School of Agricultural, Earth and Environmental Sciences, University of KwaZulu-Natal, Scottsville, Pietermaritzburg, South Africa.
PLoS One. 2024 Aug 6;19(8):e0306263. doi: 10.1371/journal.pone.0306263. eCollection 2024.
Striga hermonthica (Sh) and S. asiatica (Sa) are major parasitic weeds limiting cereal crop production and productivity in sub-Saharan Africa (SSA). Under severe infestation, Striga causes yield losses of up to 100%. Breeding for Striga-resistant maize varieties is the most effective and economical approach to controlling the parasite. Well-characterized and genetically differentiated maize germplasm is vital to developing inbred lines, hybrids, and synthetic varieties with Striga resistance and desirable product profiles. The objective of this study was to determine the genetic diversity of 130 tropical and sub-tropical maize inbred lines, hybrids, and open-pollinated varieties germplasm using phenotypic traits and single nucleotide polymorphism (SNP) markers to select Striga-resistant and complementary genotypes for breeding. The test genotypes were phenotyped with Sh and Sa infestations using a 13x10 alpha lattice design with two replications. Agro-morphological traits and Striga-resistance damage parameters were recorded under a controlled environment. Further, high-density Diversity Array Technology Sequencing-derived SNP markers were used to profile the test genotypes. Significant phenotypic differences (P<0.001) were detected among the assessed genotypes for the assessed traits. The SNP markers revealed mean gene diversity and polymorphic information content of 0.34 and 0.44, respectively, supporting the phenotypic variation of the test genotypes. Higher significant variation was recorded within populations (85%) than between populations using the analysis of molecular variance. The Structure analysis allocated the test genotypes into eight major clusters (K = 8) in concordance with the principal coordinate analysis (PCoA). The following genetically distant inbred lines were selected, displaying good agronomic performance and Sa and Sh resistance: CML540, TZISTR25, TZISTR1248, CLHP0303, TZISTR1174, TZSTRI113, TZDEEI50, TZSTRI115, CML539, TZISTR1015, CZL99017, CML451, CML566, CLHP0343 and CML440. Genetically diverse and complementary lines were selected among the tropical and sub-tropical maize populations that will facilitate the breeding of maize varieties with Striga resistance and market-preferred traits.

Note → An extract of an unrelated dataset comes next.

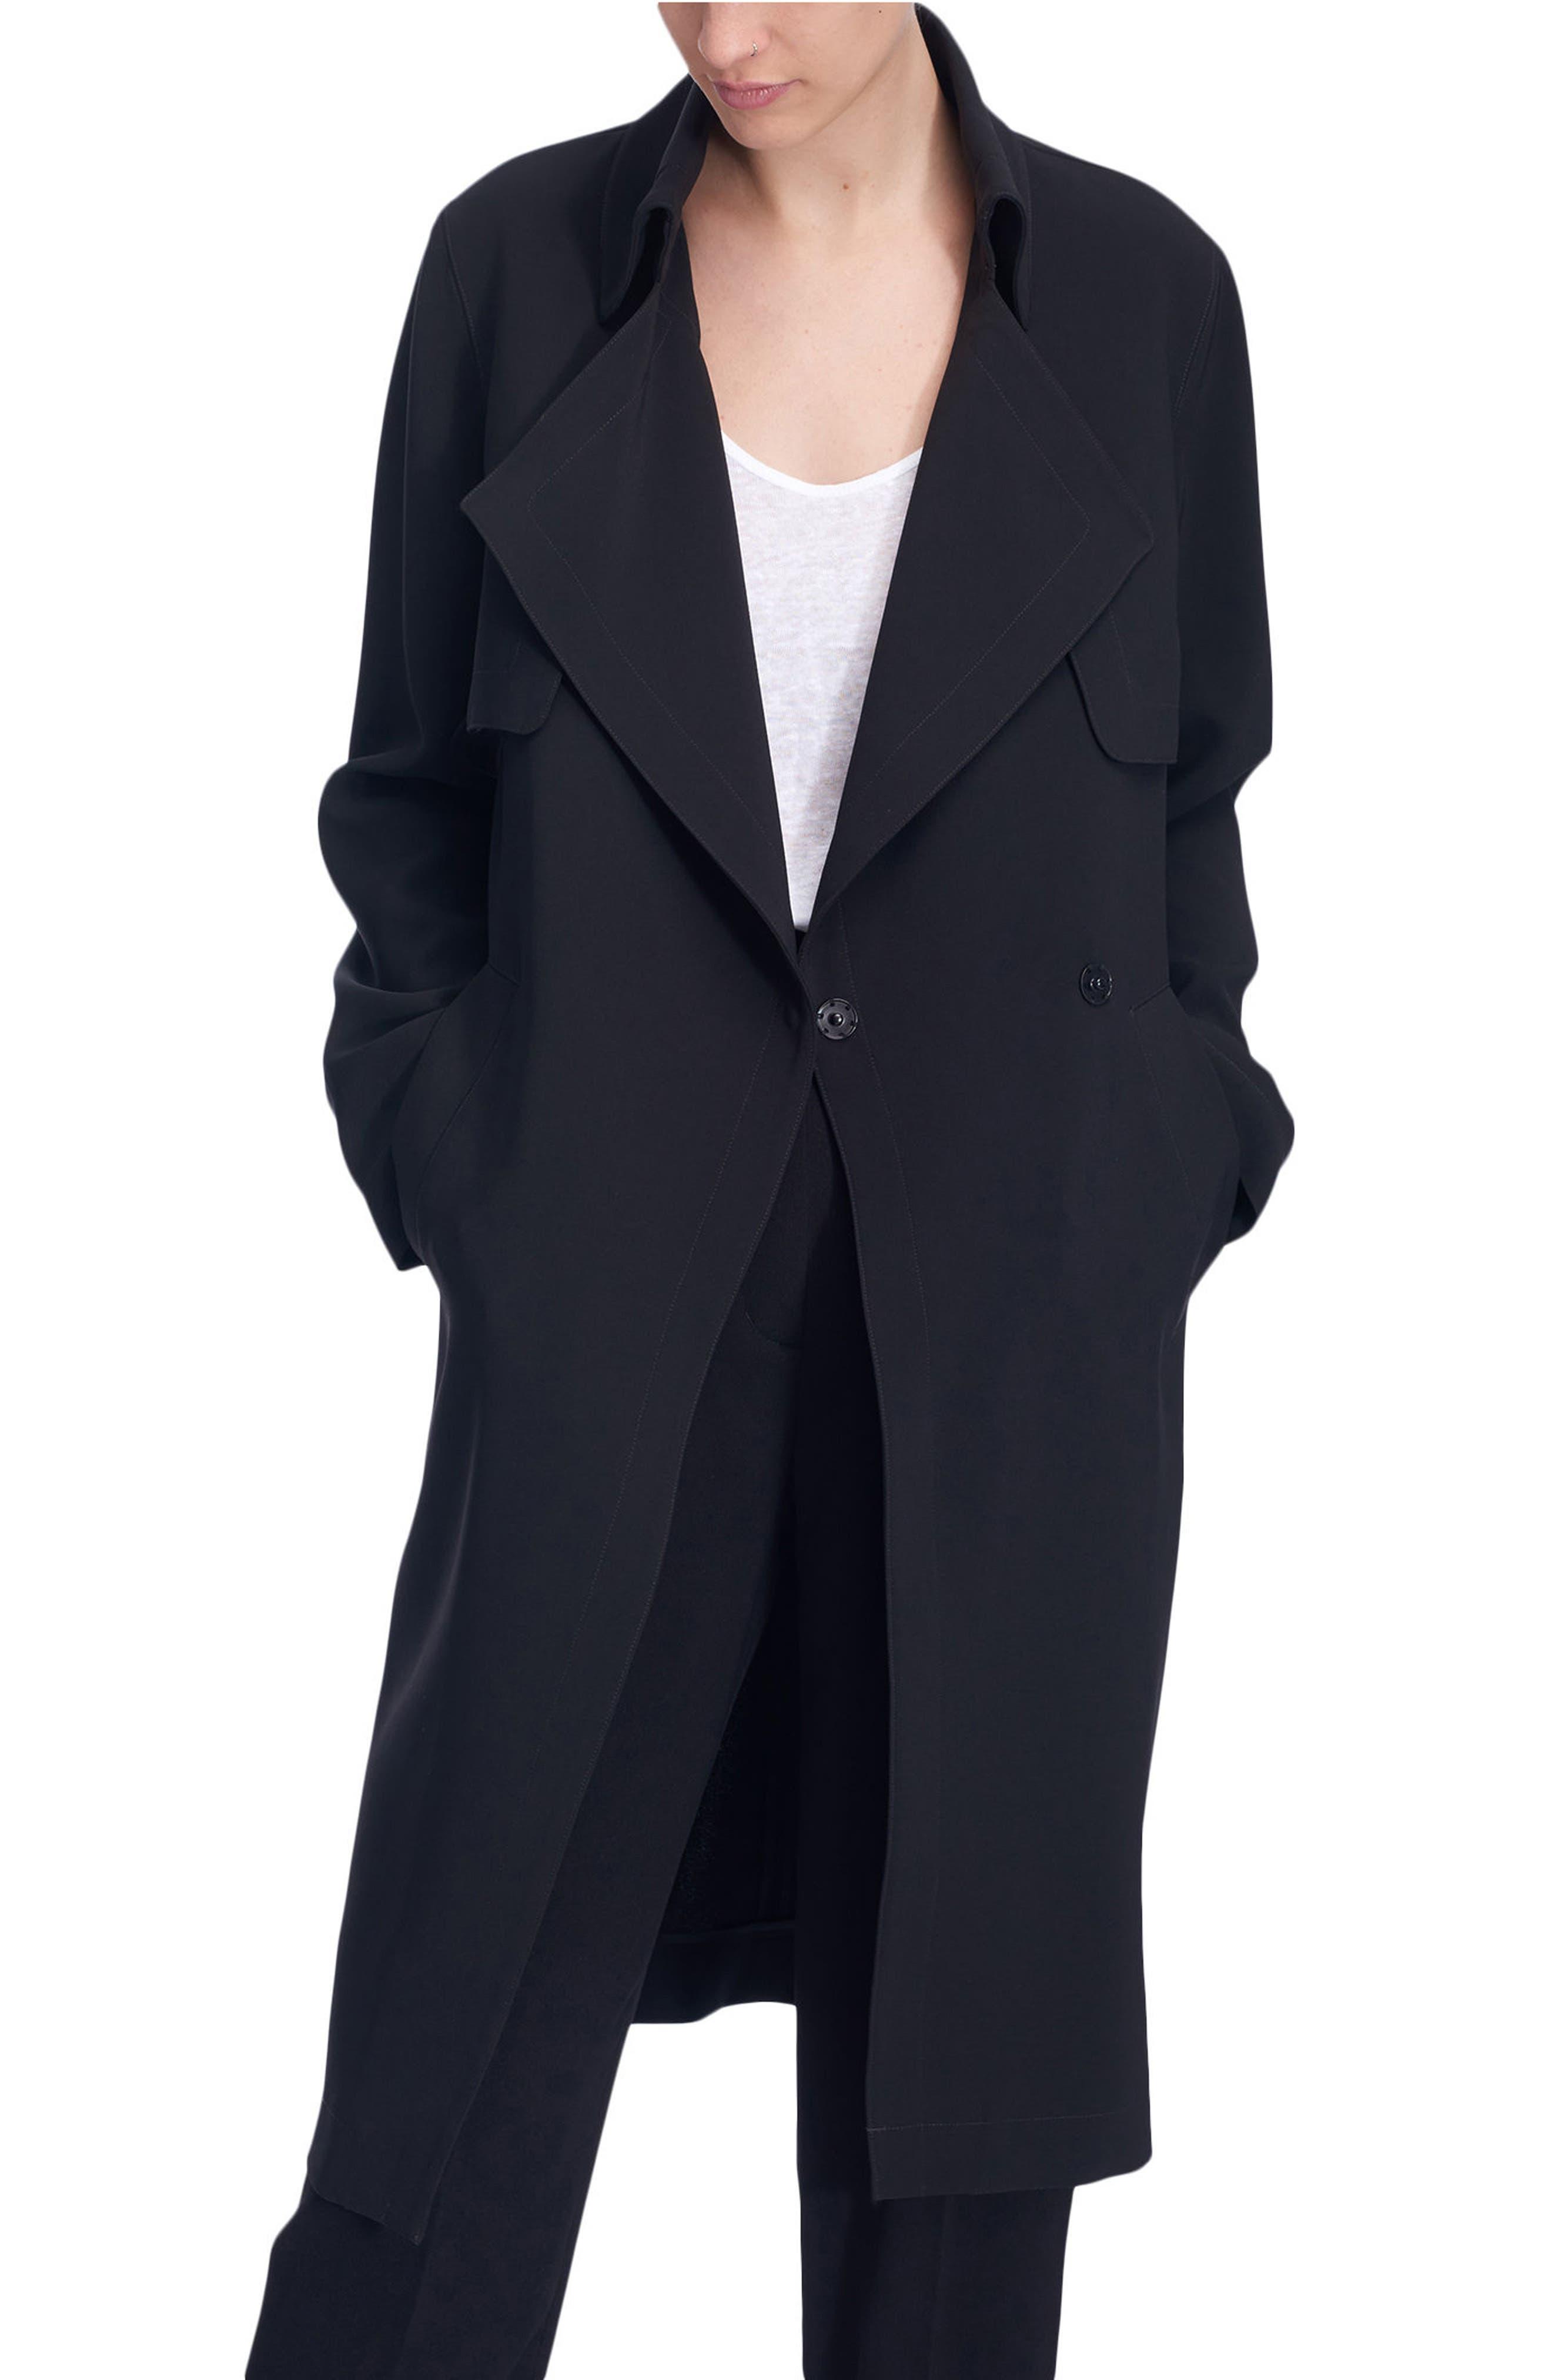 Long Duster Coat,                             Main thumbnail 1, color,                             Black

密花高粱(Sh)和亚洲高粱(Sa)是限制撒哈拉以南非洲(SSA)谷类作物生产和生产力的主要寄生杂草。在严重感染的情况下,Striga 会导致高达 100%的产量损失。培育抗 Striga 的玉米品种是控制寄生虫最有效和经济的方法。具有良好特征和遗传分化的玉米种质对于开发具有 Striga 抗性和理想产品特征的自交系、杂交种和合成品种至关重要。本研究的目的是利用表型性状和单核苷酸多态性(SNP)标记来确定 130 个热带和亚热带玉米自交系、杂交种和开放授粉品种的遗传多样性,以选择抗 Striga 和互补基因型进行育种。使用 13x10 alpha 格子设计和两个重复,用 Sh 和 Sa 侵染对测试基因型进行表型分析。在受控环境下记录农艺形态特征和 Striga 抗性损伤参数。此外,还使用高密度多样性阵列技术测序衍生的 SNP 标记对测试基因型进行分析。在所评估的性状中,评估的基因型之间存在显著的表型差异(P<0.001)。SNP 标记显示平均基因多样性和多态信息含量分别为 0.34 和 0.44,支持测试基因型的表型变异。使用分子方差分析记录到种群内的显著更高的变异(85%)高于种群间的变异。结构分析将测试基因型分为八个主要聚类(K = 8),与主坐标分析(PCoA)一致。选择了以下遗传上较远的自交系,表现出良好的农艺性能和 Sa 和 Sh 抗性:CML540、TZISTR25、TZISTR1248、CLHP0303、TZISTR1174、TZSTRI113、TZDEEI50、TZSTRI115、CML539、TZISTR1015、CZL99017、CML451、CML566、CLHP0343 和 CML440。在热带和亚热带玉米群体中选择了遗传上多样化和互补的系,这将有助于培育具有 Striga 抗性和市场偏好特征的玉米品种。